Wragg became a school governor in 2008 and went on to volunteer as a student mentor. He unsuccessfully stood as the Conservative candidate in the Hazel Grove ward of Stockport Metropolitan Borough Council in 2010, but was elected in the same ward in 2011. He completed a two-year Teach First training programme as a primary school teacher before taking up a job as a caseworker for a Conservative MP in 2014.

Parliamentary career
Wragg was first elected as the MP for Hazel Grove at the 2015 general election, winning the seat from the Liberal Democrats on a swing of 15.2% and becoming the first Conservative MP there since 1997. He stood down as a councillor and, in 2016, the Liberal Democrats won back the Hazel Grove council ward seat.

He campaigned for Brexit in the 2016 EU membership  referendum and, following the resignation of Prime Minister David Cameron, campaigned for Andrea Leadsom in the 2016 Conservative leadership election.

Wragg held his seat at the 2017 general election with a slightly reduced majority. He had been targeted by the successor to the Remain campaign, Open Britain, for his support of a hard Brexit.

In Parliament, Wragg has served on the Procedure, Education and Backbench Business Committees, and the Finance Committee.
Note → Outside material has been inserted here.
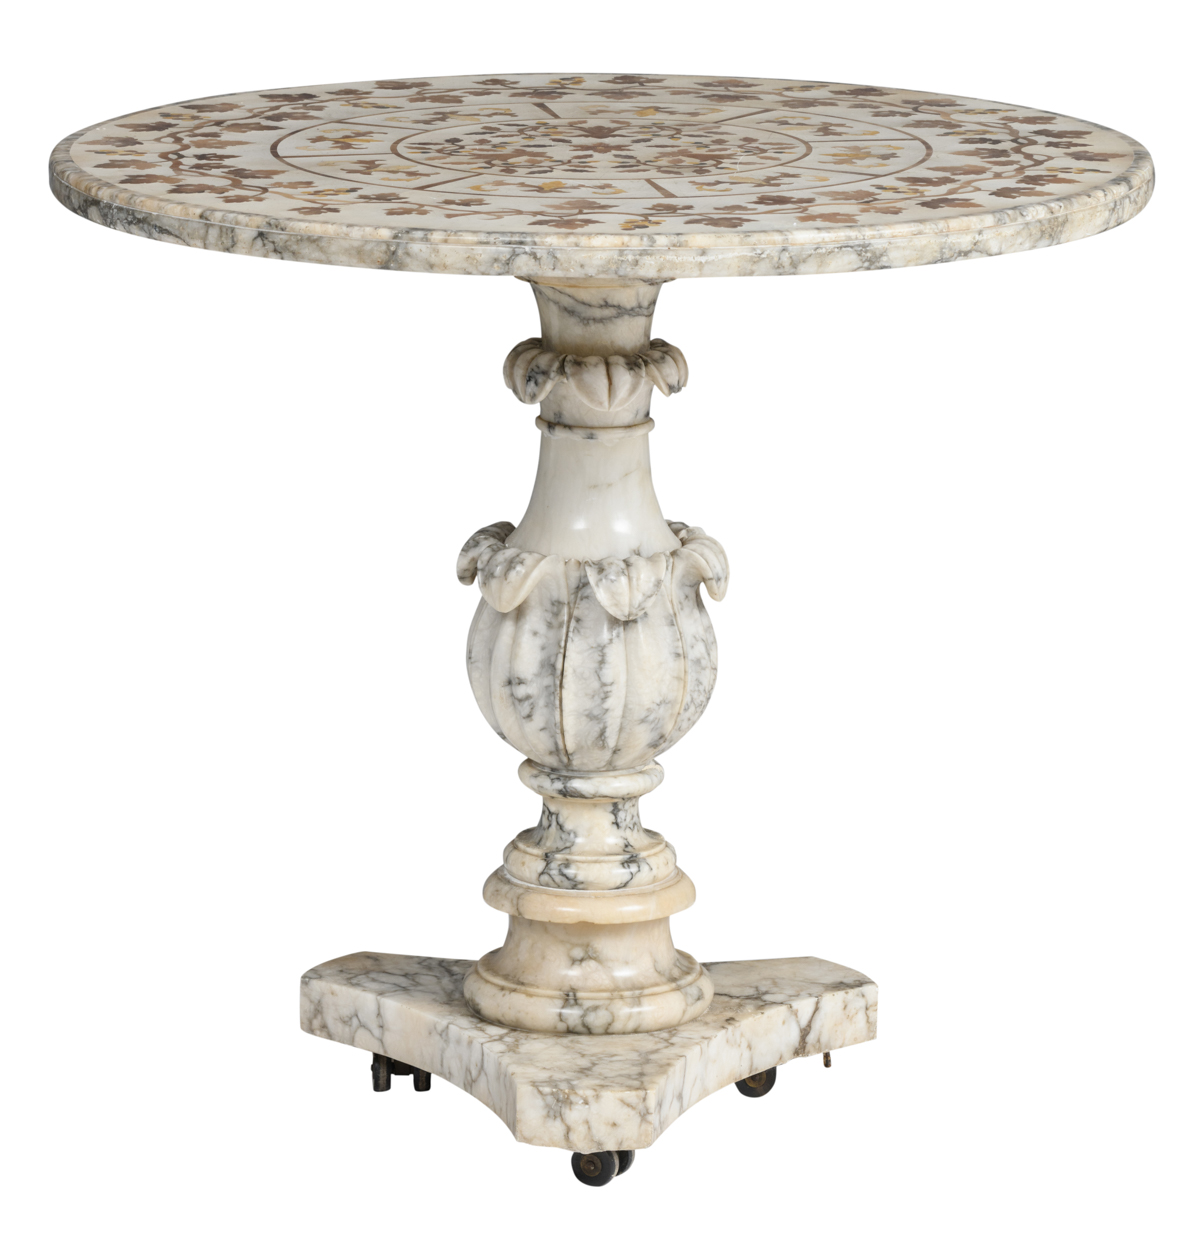 A Brèche violet marble guéridon with a pietra dura Carrara marble top, decorated with vines, H

In February 2016, it was reported that Wragg had moved back to his parents' house in order to save money for a deposit on buying a house.

In May 2016, it was reported that Wragg was one of a number of Conservative MPs being investigated by police in the 2015 general election party spending investigation, for allegedly spending more than the legal limit on constituency election campaign expenses; he was interviewed, under caution, by Police in 2017, after which Police passed his file to the Crown Prosecution Service (CPS). In May 2017, the CPS decided that no criminal charges would be brought.

In January 2020, Wragg was elected to chair the Public Administration and Constitutional Affairs Select Committee. Wragg won the contest by 335 to 183 votes.

Following an interim report on the connections between colonialism and properties now in the care of the National Trust, including links with historic slavery, Wragg was among the signatories of a letter to The Telegraph in November 2020 from the "Common Sense Group" of Conservative Parliamentarians. The letter accused the National Trust of being "coloured by cultural Marxist dogma, colloquially known as the 'woke agenda'".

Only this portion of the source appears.